That’s why I want to focus on the graph generation process in this article. It’s a fascinating and challenging problem that deserves its own attention, whereas the details of the tests themselves are another story (which is outside the scope of this article, but which I may tell you about some other time).
I’ll show you some cool2 and unorthodox ways of generating graphs. Specifically, I’ll look at graphs that have the same formal requirements as the generated properties in property-based testing. I’ll do this with the help of state monad, newtypes, isomorphic/lazy code and some other concepts I’ll introduce you to.
You may or may not use those in your daily job, but it’s always nice to know diverse concepts to enrich the spectrum of your toolkit and your intuition.
And I just think that it’d be selfish of me not to share my findings.
Definitions
First of all, I’m going to colour-code some words; this should make it easier to distinguish each unique challenge of the task and to link those challenges with the terminology used. I’ll also explain how each requirement/solution is important and how it’s implemented.

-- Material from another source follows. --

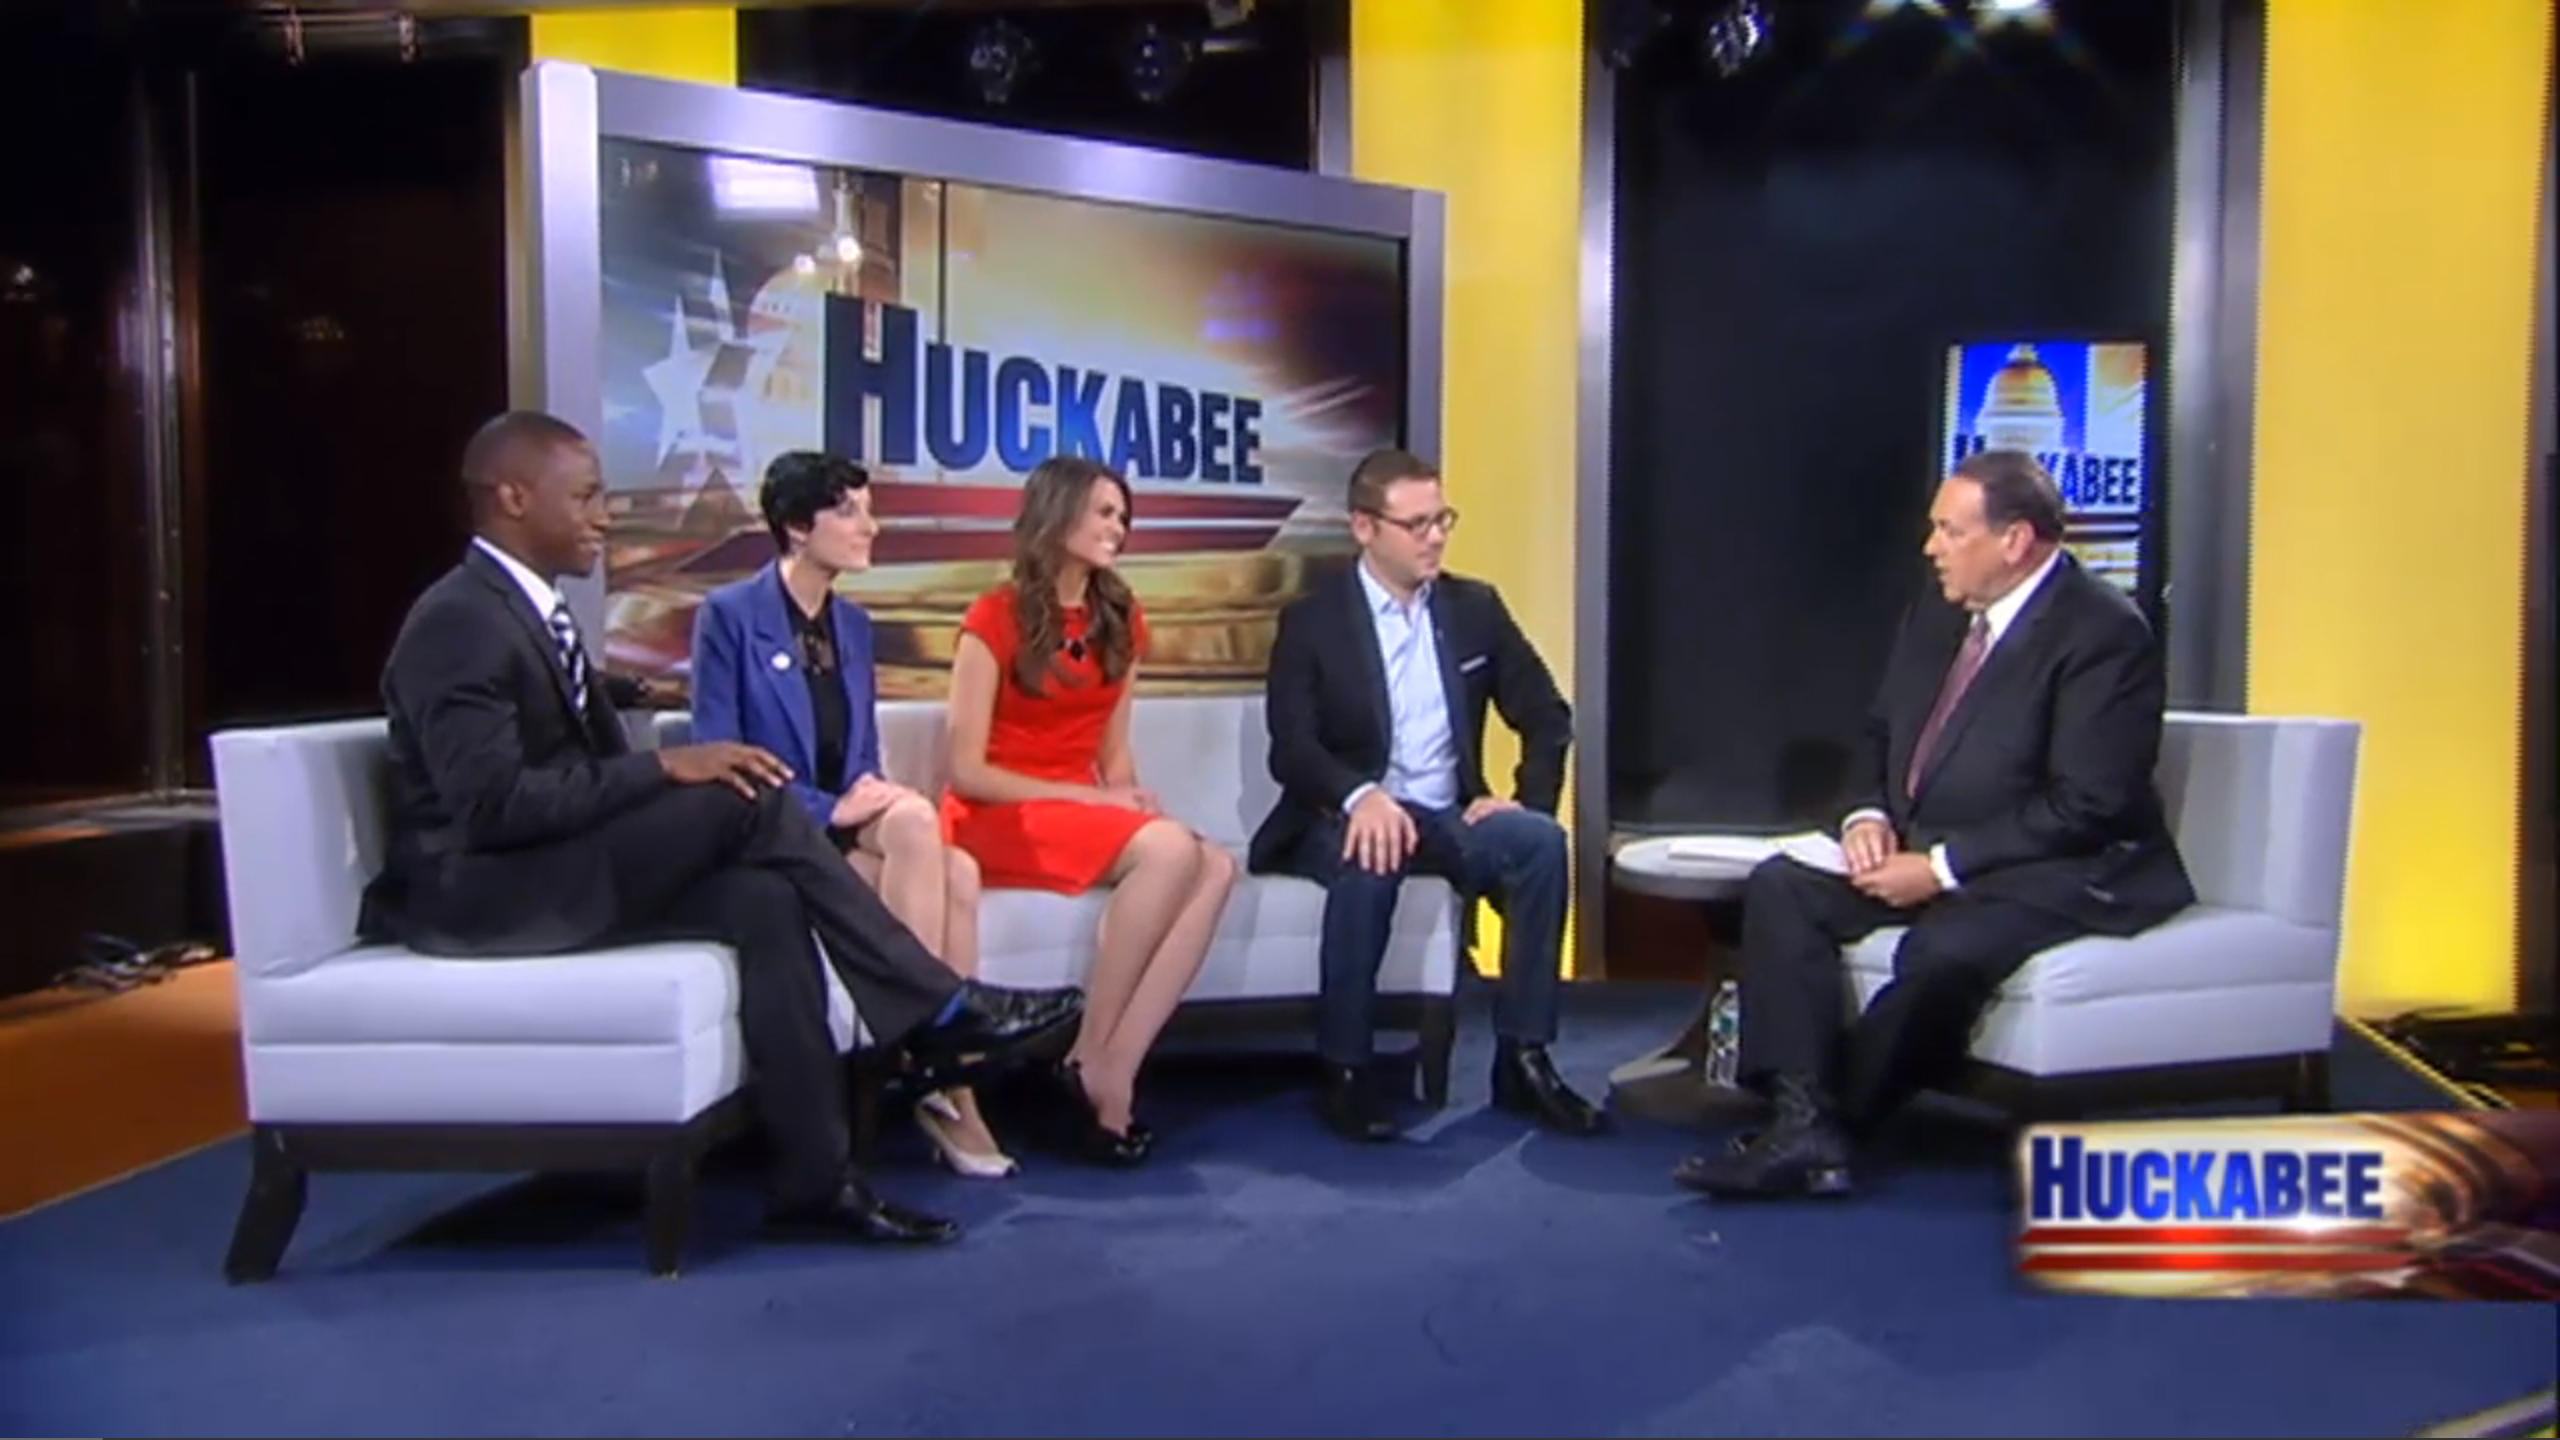 Ouachita senior Molly Bowman featured on Fox News “Huckabee” show.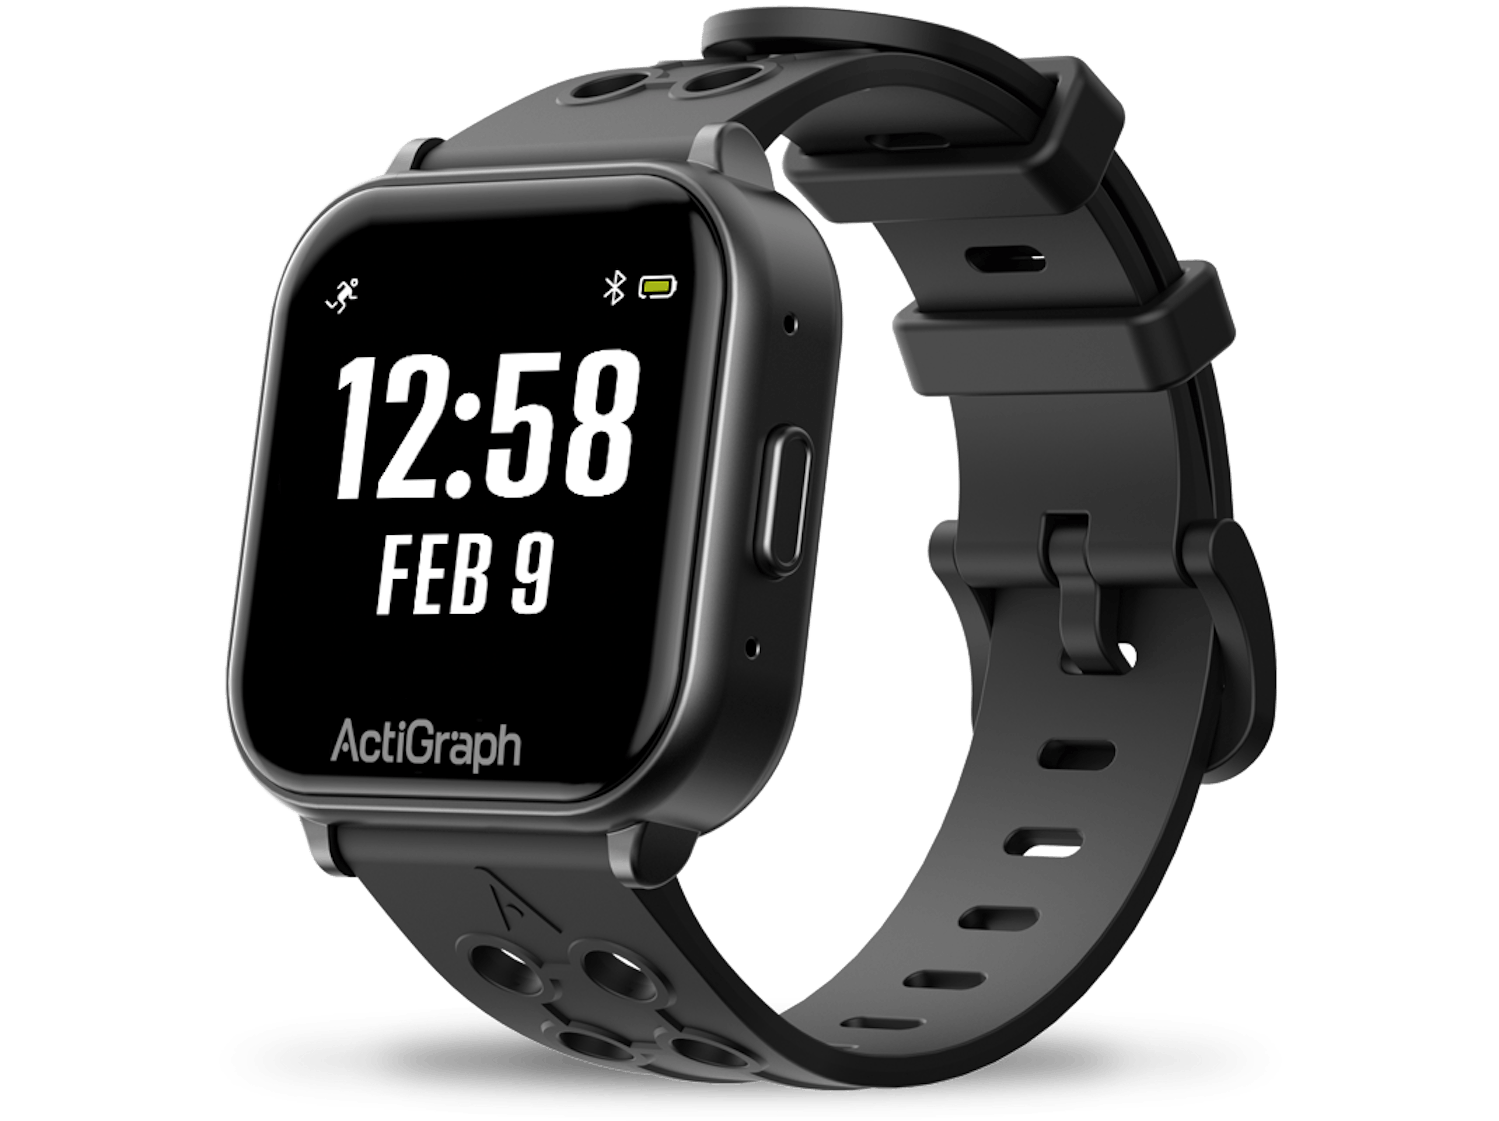 ActiGraph LEAP™ smart wearable device.

In the picture below is a general outline of all the problems and solutions that I’ll cover. Also, notice that some solutions morph into “problems” that require their own solutions, which I’ll deal with as they arise.
In the text below, I’ll highlight the terms and their synonyms/anything related to a specific problem/solution with an appropriate colour. You can always backtrack to this diagram and look up which part of the problem/solution spectrum I’m talking about.
So, without further ado, let’s implement what I call an isomorphic* lazy** deterministic*** random**** (pseudo-random) quasi-realistic***** artificial social graph generation process.
I’ll use TypeScript for this task. It has a nice maintainability/adaptability balance, and it lets me share a lot of logic between the front end and the back end. Later, you’ll see that it goes along with the idea of client-side widgets in this article really well.
First, let’s break down this definition.
Isomorphic means that the program is able to run both on the “server” (i.e., a Node.js process) and on the “client” (i.e., browsers, both in a main thread and in a web worker). Why? I want to provide you, dear Reader, with the bliss of rendered generated graphs on this page, but I don’t want to DDoS my servers while doing it. Therefore, although the Isomorphism of this code was not an original requirement, it’ll be nice to have it.
Laziness in this context means that the computation is prepared and ready to run only when it needs to, i.e., when the next random graph is requested.
Laziness turned out to be about user experience as well. In implementing it, I made an interesting observation: having a simulation giving you its completion status (i.e. “50% completed”) improves the UX, at least for me. However, the initial purpose of laziness was the graph generation duration profiling34.
I also realized that laziness is crucial for the computation to be poll-based and not push-based. The test process involves both a stream of generated graphs and a stream of database writes, and the latter is much slower. I don’t want the generator to spam us with graphs and take a lot of CPU resources from the process.
The lazy evaluation also feels faster from a UX perspective, because the user sees the loading indicator.
Determinism is the core of the whole operation. Since I’m about to use the code for the property-based testing of my algorithms, it’s important for me to have my test cases easily reproducible. To have this, I want the generated graph to be absolutely the same in every detail to the input of the generative process. And determinism lets me have easily reproducible test cases.
Note, however, that the test cases themselves won’t be covered in this article since it strays into NDA content and is also not crucial for the topic. Note also that although I could have my code non-deterministic and get by with saving the whole graph generated — so, output instead of input — this hack turns out to be direly impractical, making me save 1+mb of a graph for each set of inputs. Having the calculation non-deterministic would also make this article less exciting!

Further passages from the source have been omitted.